Ressalte-se ainda que, em nível nacional, a Constituição Federal de 1988 (Constituição da República, 1988) traz, em seu artigo 227, que toda criança e adolescente devem ser protegidos de qualquer forma de negligência e exploração. Este artigo encontra seu desdobramento na criação da Lei n. º 8.069/90, o Estatuto da Criança e do Adolescente, que, em seu artigo n.º 60, determina que “É proibido qualquer tipo de trabalho a menores de quatorze anos de idade, salvo na condição de aprendiz" (Estatuto da Criança e do Adolescente, 2005).

Este artigo foi modificado a partir da Emenda Constitucional n.º 20, de 15/12/1998, que eleva a idade mínima para a admissão ao trabalho de 14 para 16 anos (Emenda Constitucional nº 20, 1998). Assim, na atual legislação nacional, a idade mínima para a inserção no trabalho é de 16 anos, salvo na condição de aprendiz, na qual o é possível a partir dos 14 anos de idade.

Neste sentido, apesar de reconhecermos as diferentes posições existentes em torno do tema do trabalho precoce (cite-se, como exemplo a perspectiva de Liebel, 2004), para fins desta dissertação adotamos a perspectiva que o trabalho de crianças e adolescentes, além de ser ilegal, é uma forma de exploração, no qual esses podem ser privados do acesso à escolaridade, ou mesmo ter um baixo aproveitamento escolar; pode trazer danos à saúde, ao desenvolvimento tanto físico, quanto moral, social e psíquico dos mesmos. Além disso, é uma questão de violação de direitos, sobretudo, do direto a terem infância e adolescência, construções sociais que implicam em muito mais do que ser criança e adolescente; implica em poder se constituir enquanto pessoas a partir de condições dignas de sobrevivência, do usufruto de etapas preparatórias essenciais para a constituição de adultos plenos de possibilidades de agir no mundo.

A partir destas considerações, adotaremos aqui o termo “trabalho precoce”, por denotar um tipo de trabalho que ocorre antes do tempo delimitado por lei para sua execução e que, neste sentido, pode ser prejudicial.

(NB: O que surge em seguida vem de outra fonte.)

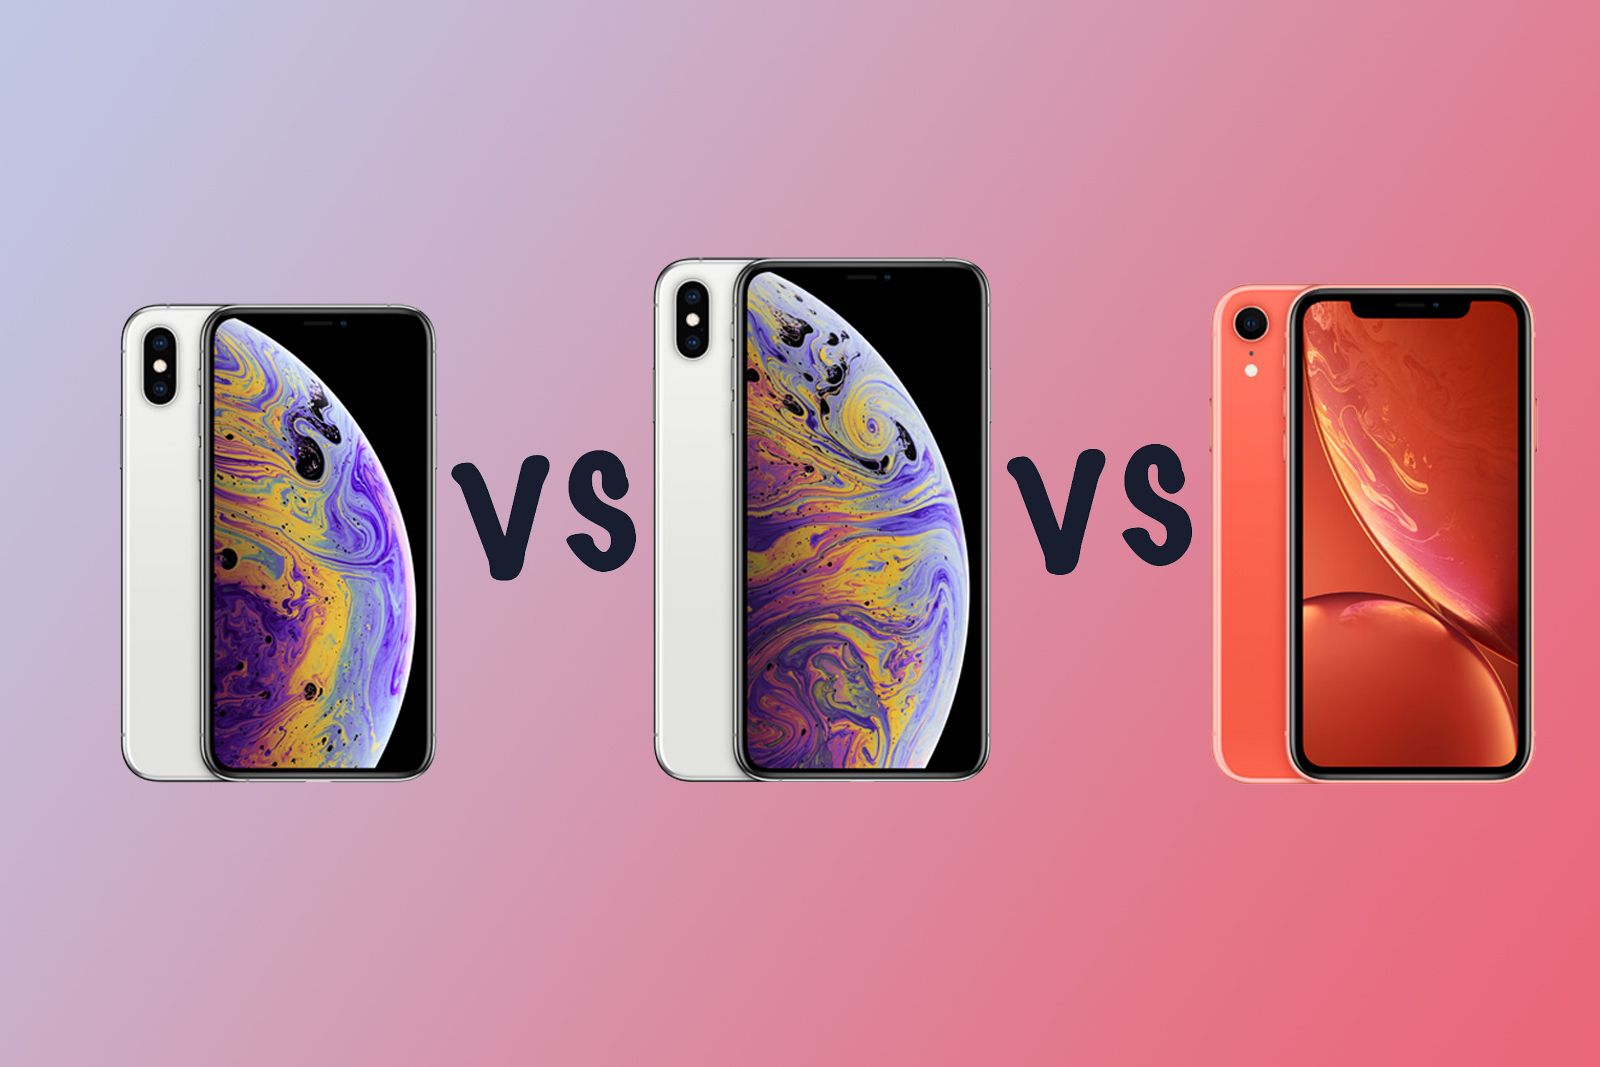 Apple iPhone XS vs XS Max vs iPhone XR: What's the difference?
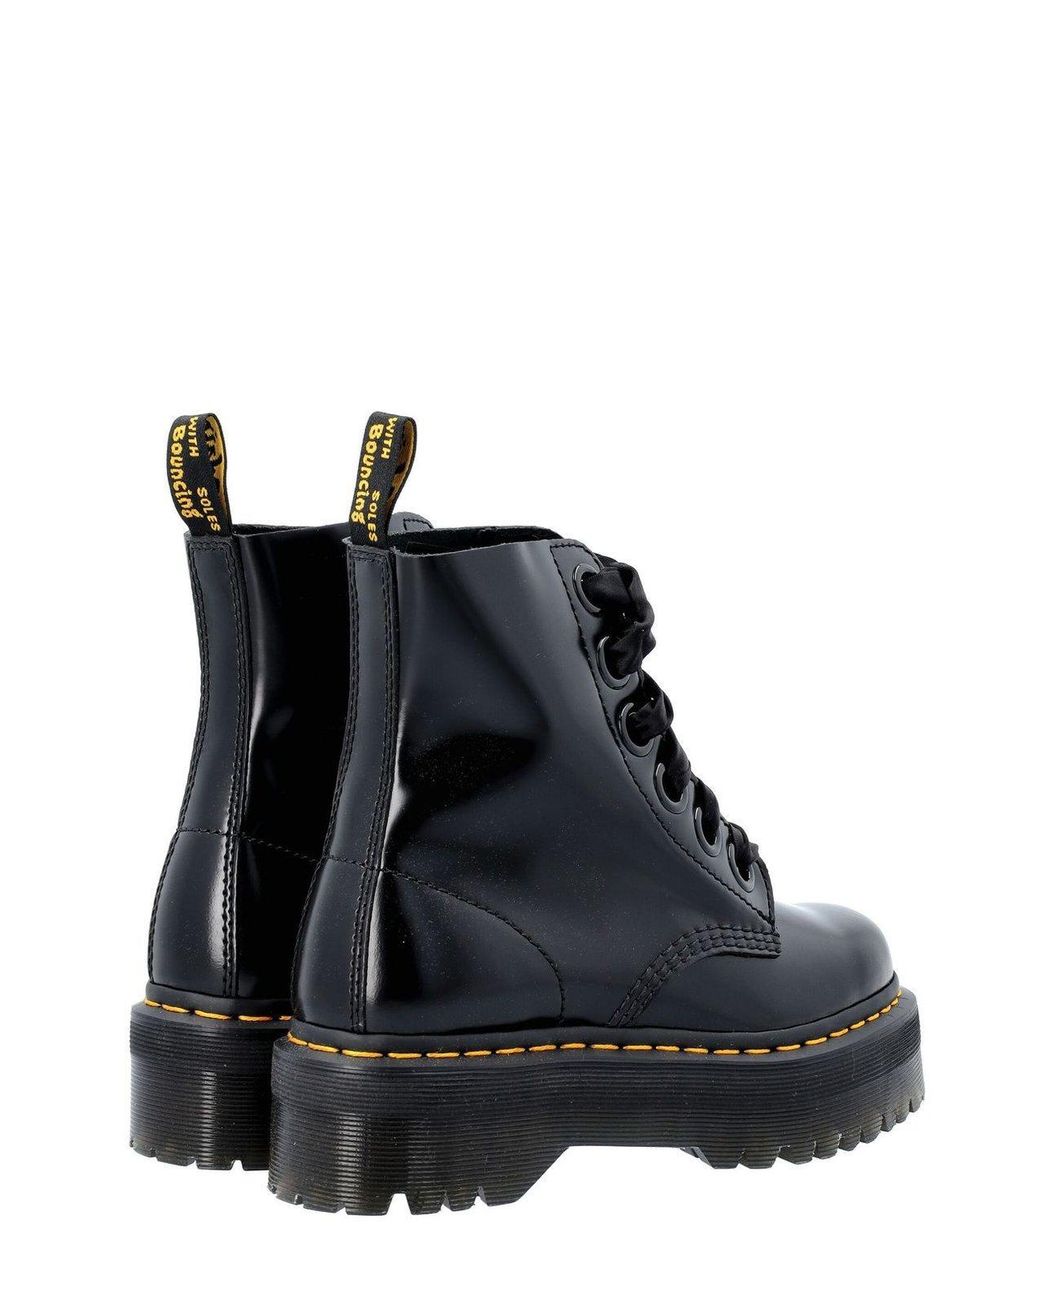 Dr. Martens Molly Platform Lace-up Boots in Black | Lyst

Além disso, permite abarcar tanto o trabalho de crianças quanto o de adolescentes em seu bojo e, ao mesmo tempo, coaduna-se com a delimitação legal para a execução do trabalho no Brasil, que se dá a partir dos 16 anos de idade. Para utilizar uma definição mais exata, adotar-se-á, em parte, neste trabalho, a definição de Costa (1990) que define trabalho precoce como o exercício da atividade que assume uma utilidade social, ou se caracteriza por esquemas de profissionalização divergentes: tráfico e exploração sexual comercial.

Acrescenta-se aqui, a esta definição, que o trabalho precoce é a atividade que a criança e o adolescente executam, em troca de um pagamento, que pode ser realizado através de gêneros ou espécie, ou mesmo serviços, e que pode ser realizado tanto para terceiros, como no seio familiar (Alberto, 2002). A ênfase dá-se na utilidade das atividades desenvolvidas pelas crianças e adolescentes e também na forma de pagamento, que não necessariamente ocorre sempre em gênero, mas muitas vezes é realizada através do fornecimento de alimentação, vestuário, etc. A partir da definição de Costa, enquadram-se também como atividades de trabalho aquelas consideradas como ilegais, a exemplo da exploração sexual infanto-juvenil ou tráfico de drogas.

Assume-se que o trabalho precoce traz diversas implicações para o desenvolvimento e a constituição das crianças e dos adolescentes que o executam. Implicações estas que podem se estender por toda a vida, marcando e delimitando seu curso.